Implications for long versus short Nopp140 alleles

Earlier, we showed that partial depletion of Nopp140 in Drosophila by siRNA expression resulted in Minute-like phenotypes such as deformed wings, legs, and tergites (Cui and DiMario 2007). These phenotypes were similar to those observed with the various haplo-insufficiency Minute mutations in genes encoding ribosomal proteins, and reminiscent of the phenotypes associated with the TCS (Sæbøe-Larssen et al. 1998; Cui and DiMario 2007). Flies homozygous for either the short allele or the long allele, or flies heterozygous for the two alleles are viable and do not exhibit any of the discernible phenotypes associated with the partial depletion of the Nopp140 isoforms.
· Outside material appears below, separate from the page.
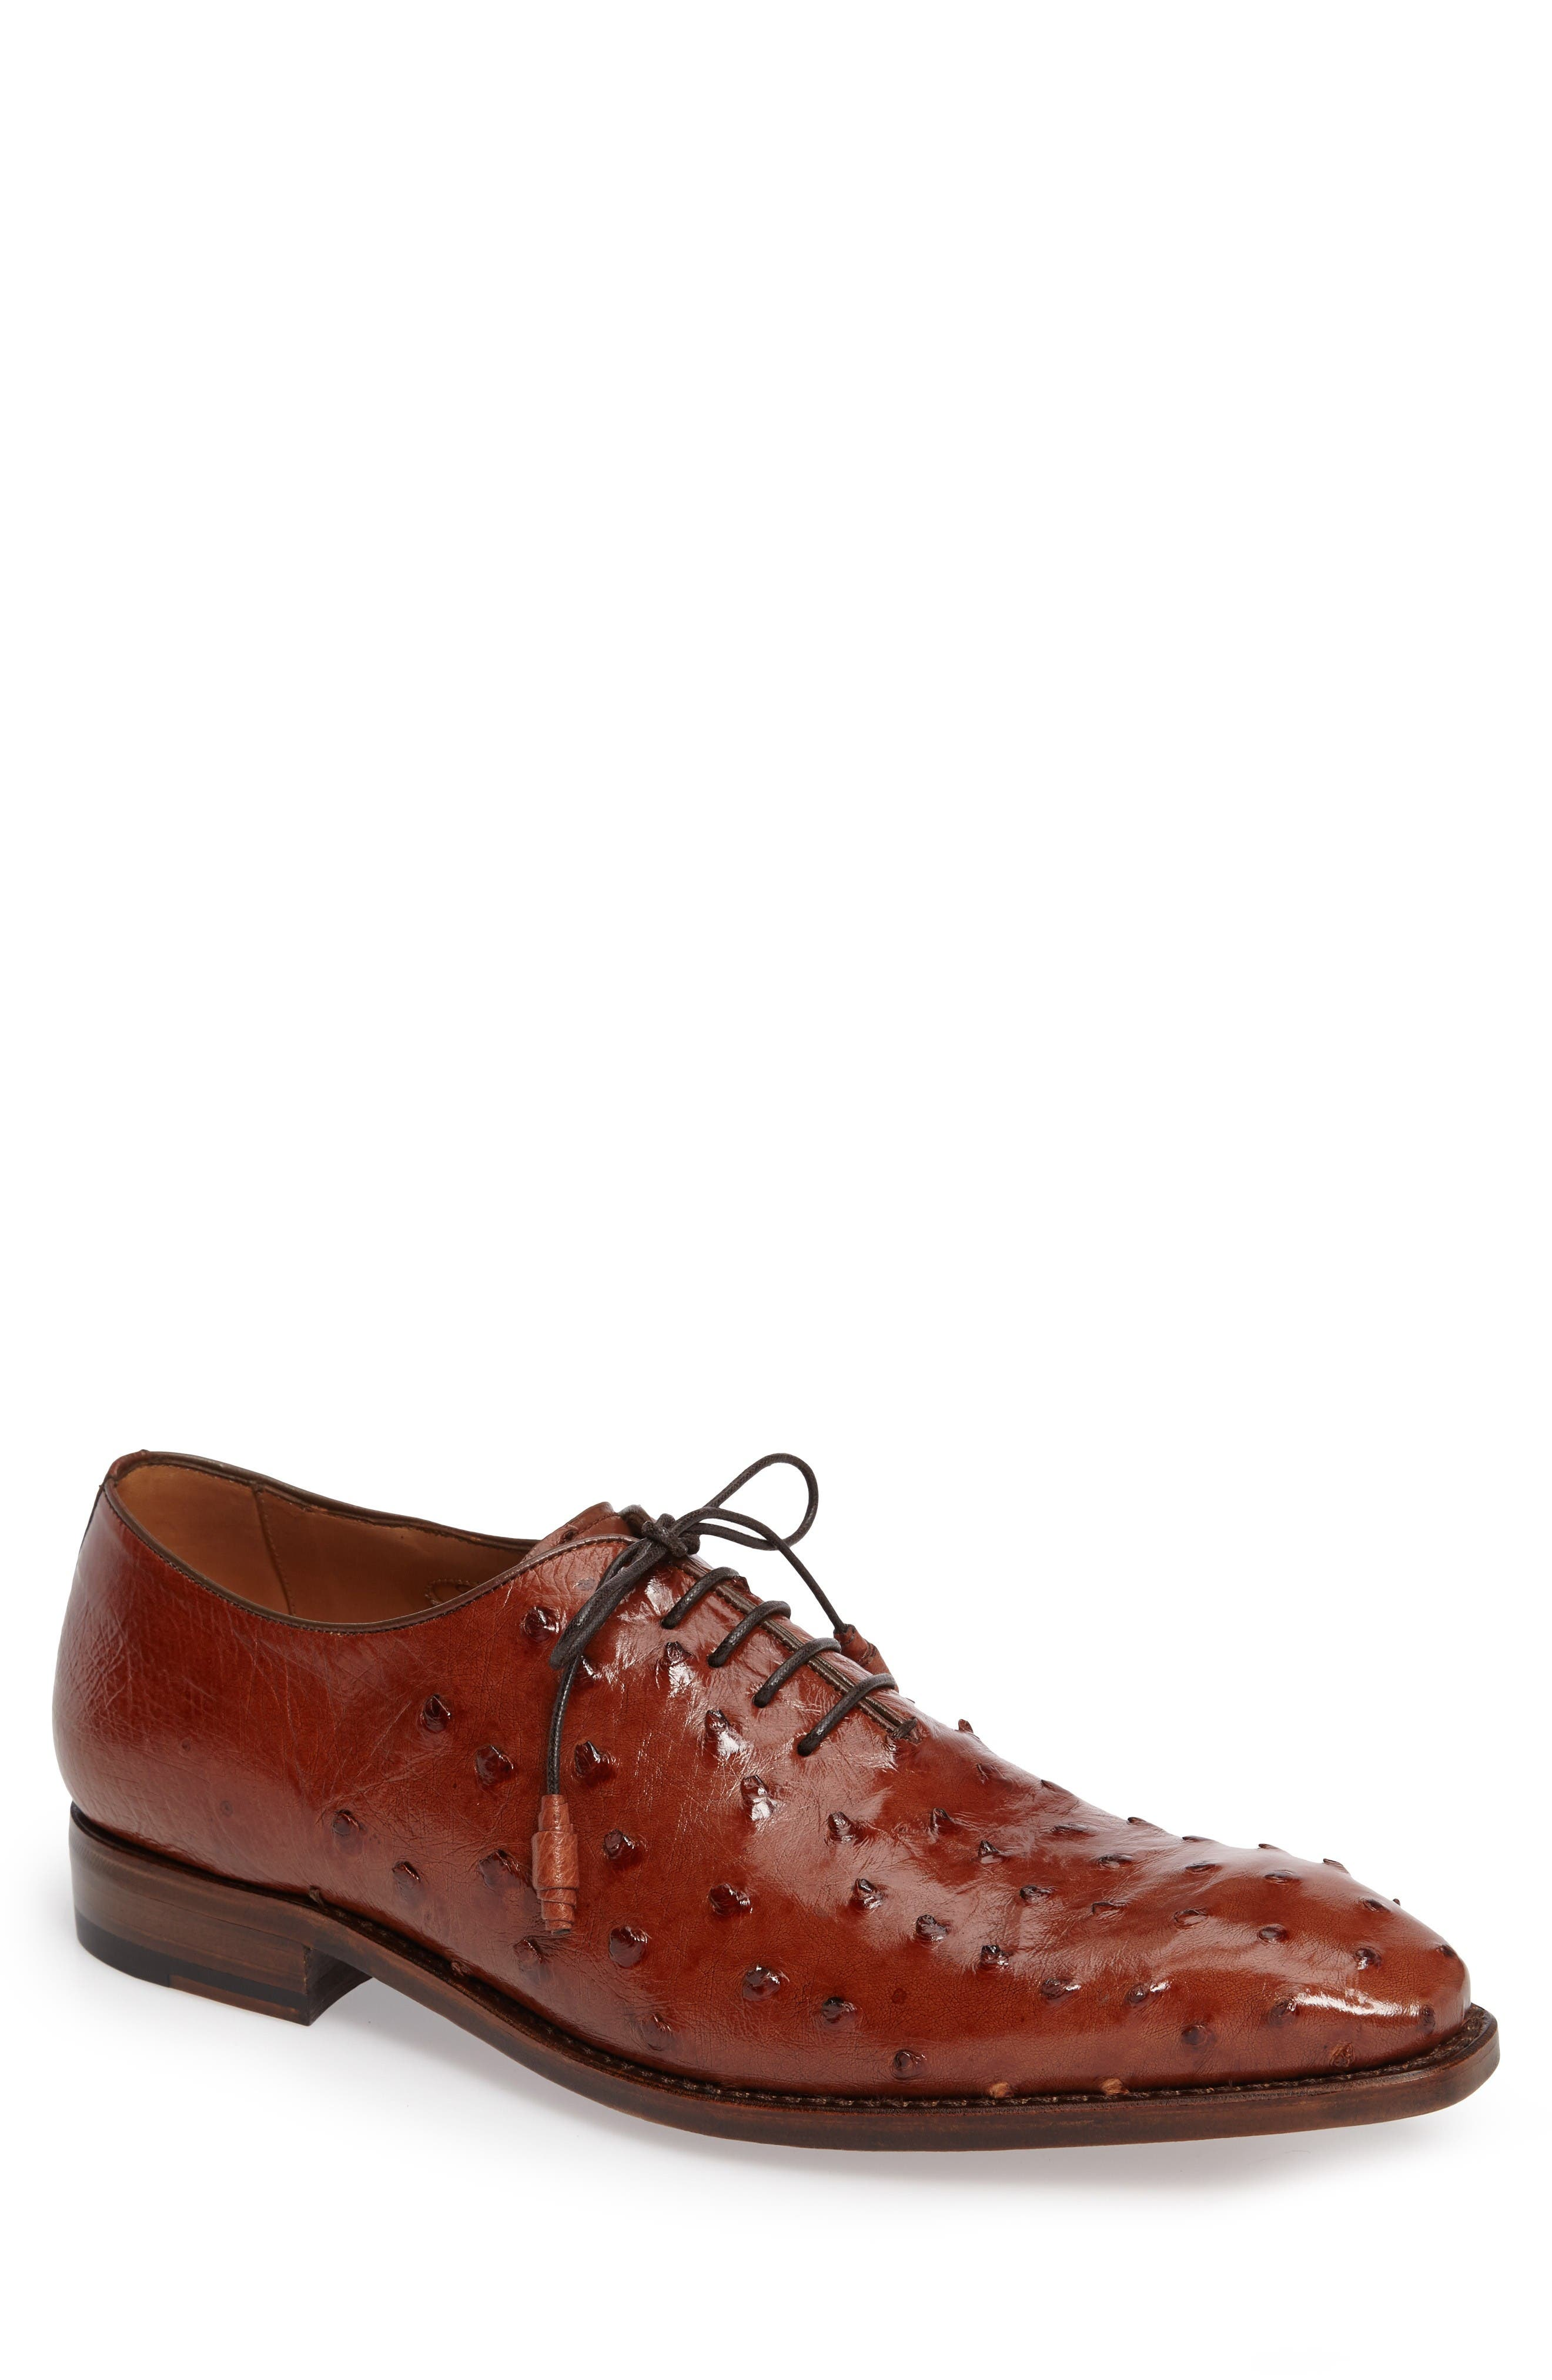 Impronta by Mezlan G504-S Plain Toe Oxford (Men)

While the P′ repeat polymorphism does not seem to have a significant impact on the core functions of Nopp140, the protein’s central domain is generally considered to be an unstructured region. Recent studies have revealed the important role of inherently disordered proteins (IDPs) in promoting phase separation to form subcellular membrane-less compartments or assemblages (Toretsky and Wright 2014), especially within nucleoli and CBs (Feric et al. 2016). Nopp140 resides within the dense fibrillar components of nucleoli and in CBs when present (Isaac et al. 1998); both nucleoli and CBs are membrane-less compartments within nuclei. The cDNA clones we have used in the past express the long versions of the two Drosophila Nopp140 isoforms; we have not worked with cDNAs encoding the short versions. Future work should determine how the large central domain of Nopp140 with variable numbers of basic–acidic repeat units may influence molecular interactions during rDNA transcription, pre-rRNA processing, snoRNP dynamics, and perhaps nucleolar and CB phase-separations and assemblages.